Automating Repetitive Tasks

The other prong of the solution is automation – using technology (AI, robotics, software) to perform work that previously required employees. If you can’t hire enough people, reduce the need for people in the first place. This trend is visible across supply chain functions. A 2024 survey of 1,000 logistics decision-makers found 76% are facing notable labor shortages, and over half (54%) are responding by automating non-value-added, repetitive tasks to improve worker productivity. Automation takes many forms. In warehouses, autonomous mobile robots shuttle goods to human pickers, meaning each picker can handle more orders (filling the gap of missing staff). On the road, route optimization software (like dynamic dispatch systems) can enable one planner to schedule many more deliveries than before. In the back office, RPA bots process invoices or update TMS records far faster than a human, reducing the number of clerks required.

 

Real-world example

Delivery companies cite route optimization as a key tool to mitigate driver shortages – by using AI to eliminate unnecessary miles and idle time, each driver’s route is more efficient, so fewer drivers can handle the same volume. Indeed, among companies considered “leaders,” 63% had partially or fully deployed route optimization software to boost labor productivity. Another example is shipment tracking: without automation, answering “Where’s my freight?” queries can eat up countless employee hours on calls and emails. Automation fixes that through real-time tracking portals and automated notifications. In fact, 53% of companies have implemented automated real-time tracking for shipments – the top choice to improve productivity of logistics knowledge workers and reduce manualeffort. These technologies let the existing staff focus on exception management rather than routine status updates.

 

Complementary, Not Competing

Offshoring and automation often go hand in hand. Implementing automation requires skills (e.g. data analysis, IT maintenance) that might be scarce in-house, but you can offshore those functions to specialists who monitor and tweak your AI systems. Meanwhile, by automating part of a process, you make the jobs of your offshore team more high-value and interesting, which can improve retention. The goal is to reallocate human talent – local or offshore – to the tasks that truly require creativity, problem-solving, and relationship management, while automating the rote work. This symbiosis helps address the talent shortage by both creating “digital workers” (through AI) and leveraging human workers wherever they are available.

 

Upskilling and Retention

It’s worth noting that alongside these strategies, leading logistics companies are also upskilling their existing workforce to handle new tech. But offshoring and automation relieve pressure during the upskilling transition. With repetitive tasks automated or sent to an outsourced team, your core employees can spend time learning to manage advanced systems or focusing on strategic initiatives, which also improves job satisfaction and retention. This addresses one root cause of the talent crunch: people leaving due to burnout or lack of growth opportunities. By freeing them from drudgery, they’re more likely to stay and evolve with the company.

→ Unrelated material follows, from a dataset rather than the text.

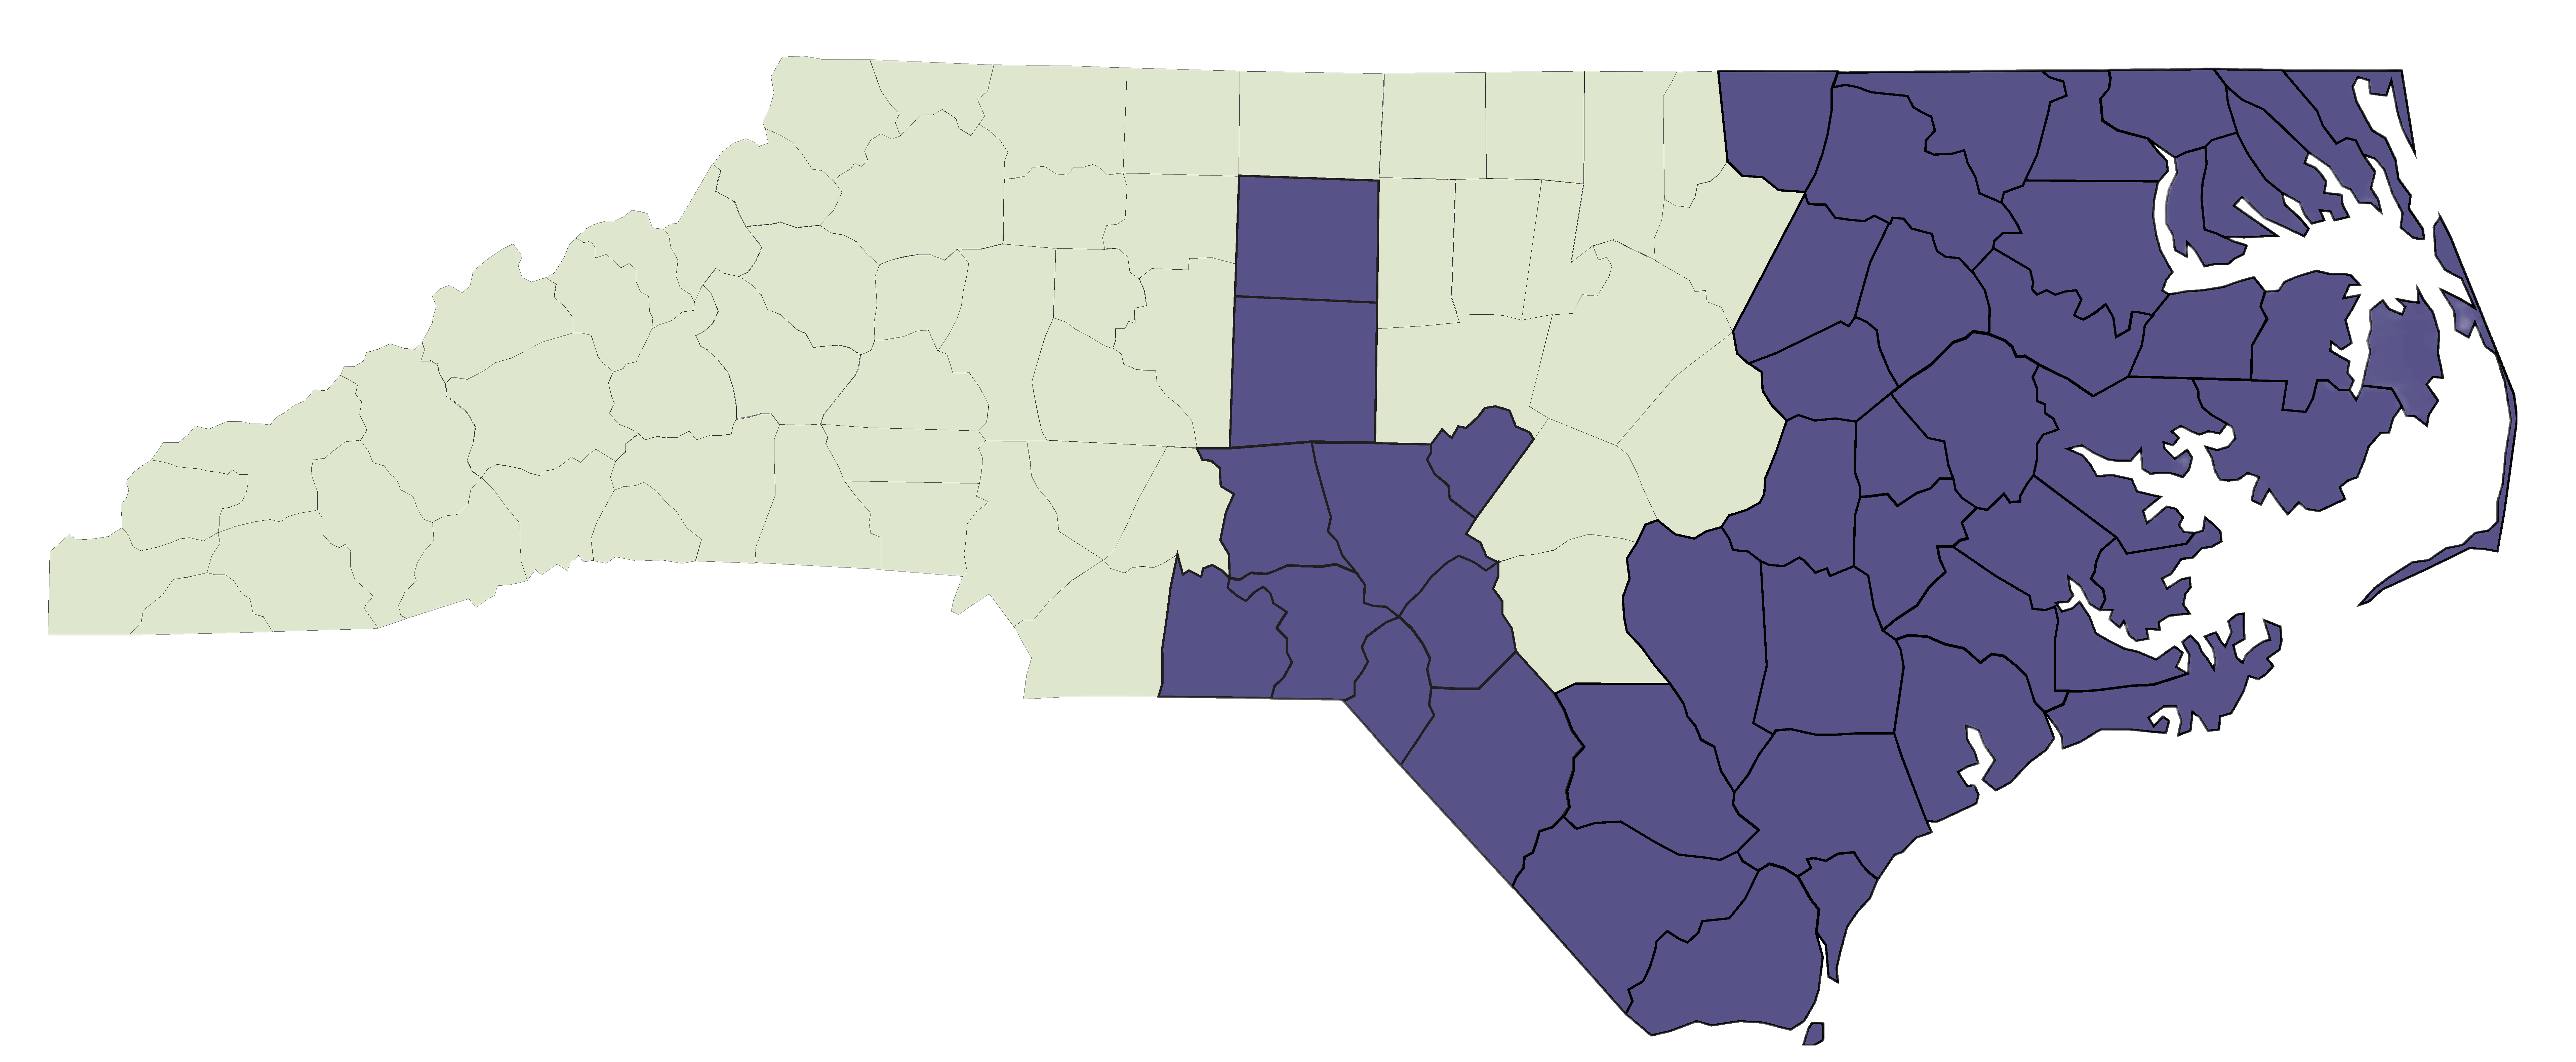 46 Trillium Counties Coverage

In summary, the logistics talent shortage is a multifaceted challenge requiring a multifaceted response. Global talent offshoring injects much-needed manpower and skills into freight operations at a time when local labor is scarce. Automation amplifies the productivity of each worker and reduces total headcount needs for routine roles. Companies that aggressively employ these tactics are weathering the talent crisis more effectively. A late-2023 report confirmed the approach: 76% of surveyed firms acknowledged shortages, and a majority are investing in tech and altering workforce strategies (like flexible hiring) to cope. Those that hesitate risk being left understaffed and unable to meet customer expectations. By contrast, a freight company that has an outsourced operations center handling night shifts and an AI-driven TMS automating load assignments can operate with a leaner, more resilient team. The bottom line: Offshoring and automation are not about replacing your people – they’re about ensuring all necessary work gets done in a tight labor market, and positioning your company to continue growing even when human resources are in short supply.